True, #3 could lead to some challenges, but one is young only once.
He goes on to give the usual sage counsel to the effect of “Listen to your elders (sometimes)” and “Beware of loving too hard, too soon (always),” along with quite military-specific warnings about tattoos that one may sport longer than one might later desire.
Yet for an old civilian such as myself who specializes in reminding combat veterans never to forget that they still have what it takes, it’s good to be reminded that when one is young and straight out of boot camp, one can indeed be so very sure of that got-it/can-do mentality—and yet so unsure as well.
So many decisions have to be made in a military life, even by those not yet legally allowed to drink. Some are hilarious. Some, not so much. Some are quite trivial. Some, quite life-changing, sometimes for ill, sometimes for good.

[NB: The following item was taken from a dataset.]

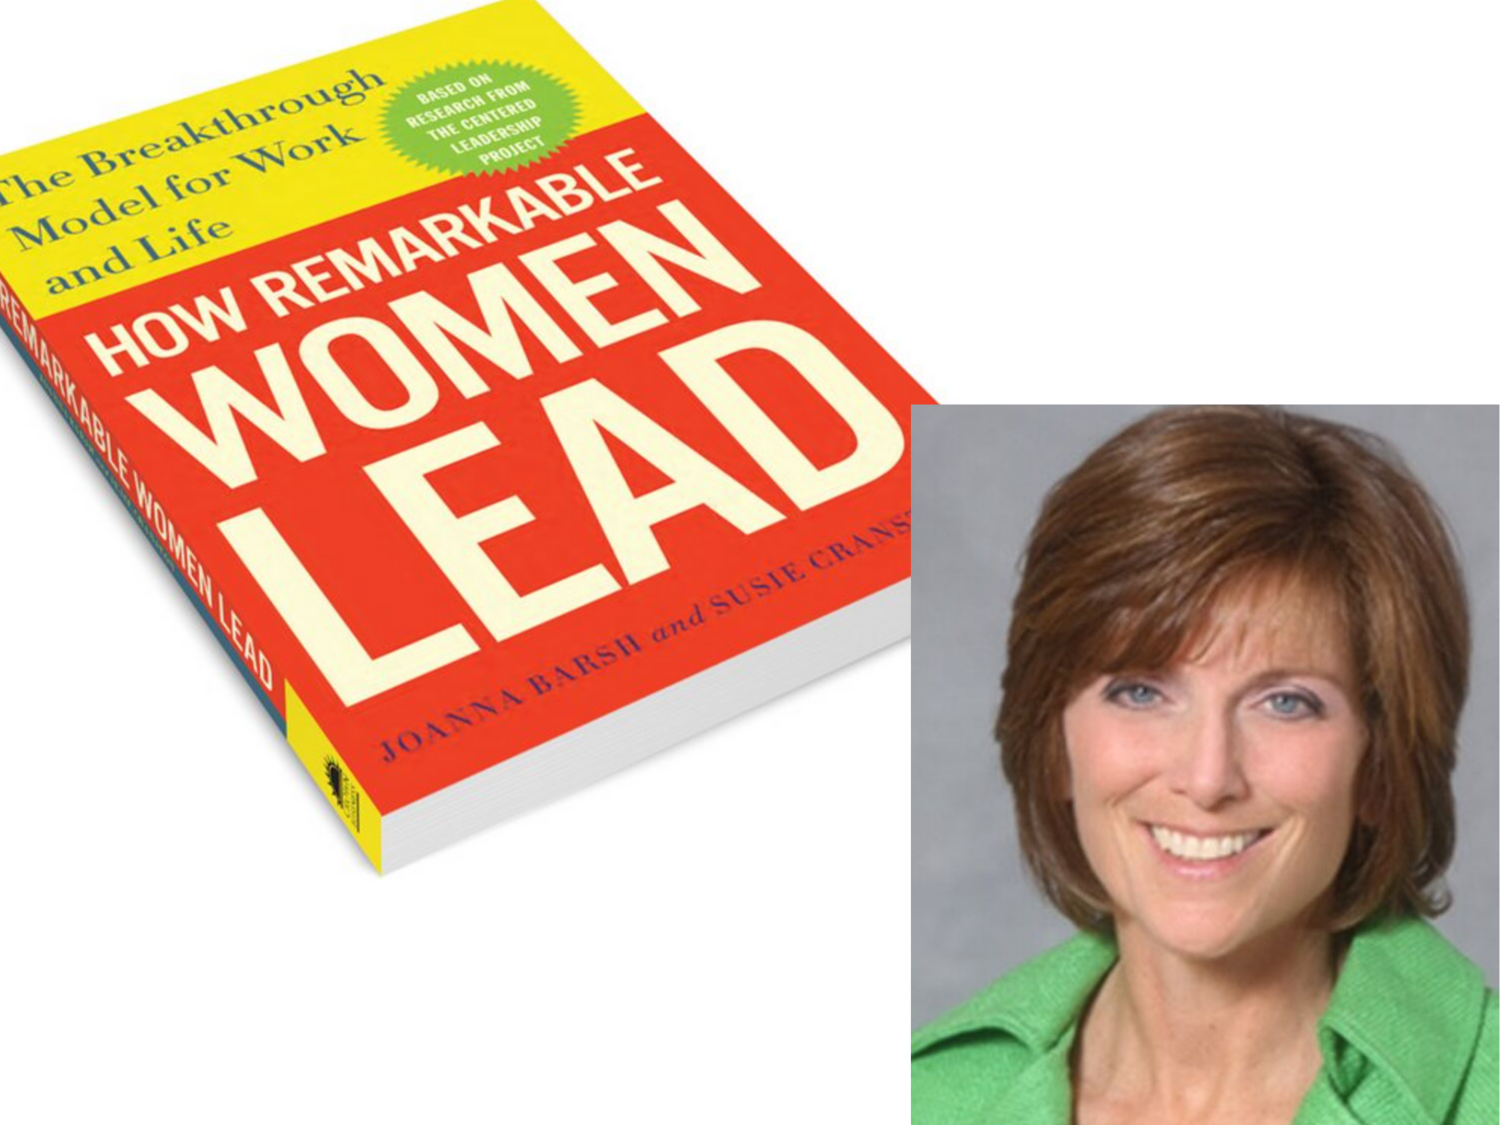 How DO remarkable women lead?  Session 1

I turned eighteen about three months after the fall of Saigon. I had just begun my freshman year at Purdue University, a red-brick wonder in the middle of an Indiana cornfield. In a phone booth of the Stewart Center, the student union, I called a number to find out how I should sign up for the Selective Service.
“You don’t have to,” came the answer.
So I didn’t. The military wasn’t on my mind in September, 1975, either in a good way or a bad way. I was more consumed by freshman physics and the fallout from my parent’s divorce. I made a decision that year to switch my major from electrical engineering to psychology.

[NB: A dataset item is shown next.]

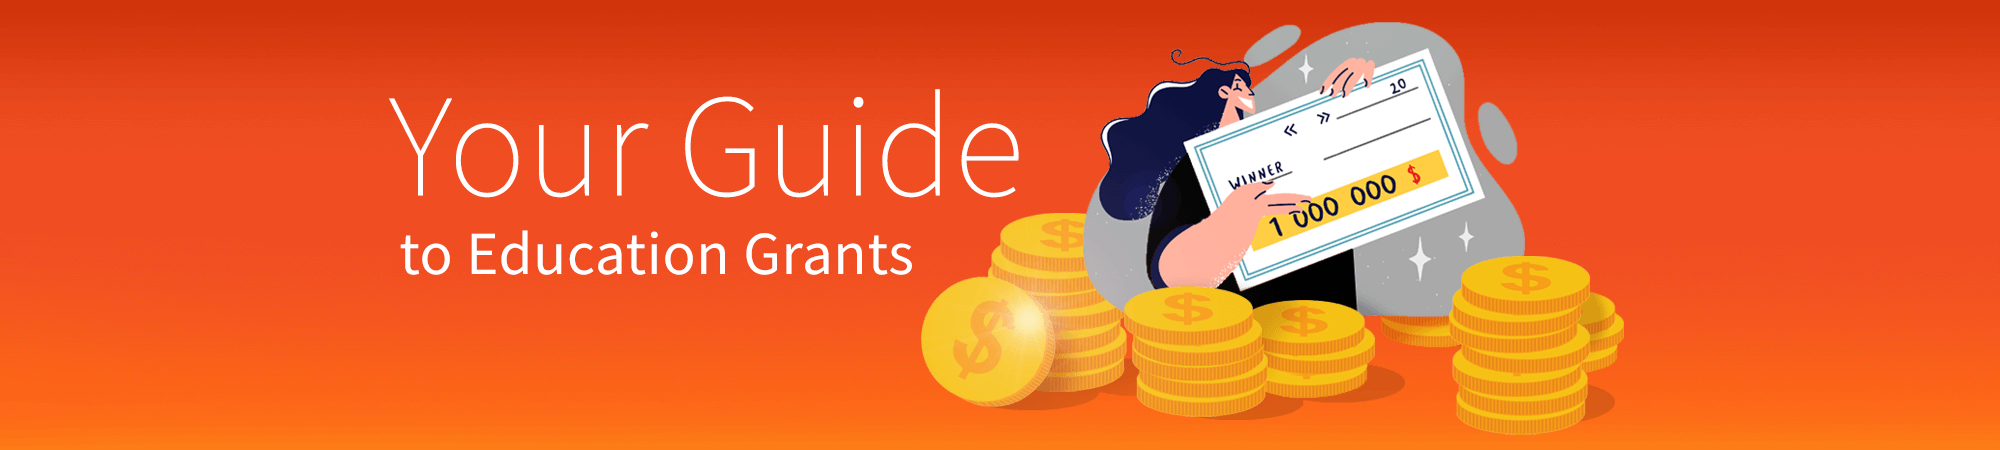 An illustrated web banner showing an illustrated person holding a cheque and surrounded by stacks of coins. White text against an orange background reads, "Your Guide to Education Grants".

And forty years later, here I am.
Decisions made, decisions avoided, all take us to today. Some combat veterans rue the day they stepped into military life. Some cannot imagine a life worth living without that day. Some revel in days of memories of the best of Life. Others find themselves mired in those of the most wrenching of Death.
No matter: as Mr. Fosling admits when, at article’s end, he still has to look at those tattoos he once so readily accepted, our time-travelling abilities leave us only with a “now” that either will continue miring us in what might have been or will allow us to move forward in life, still having what it takes to do what needs to be done, whatever “now” is today, whatever it will be tomorrow.
That’s worth a note to self any day.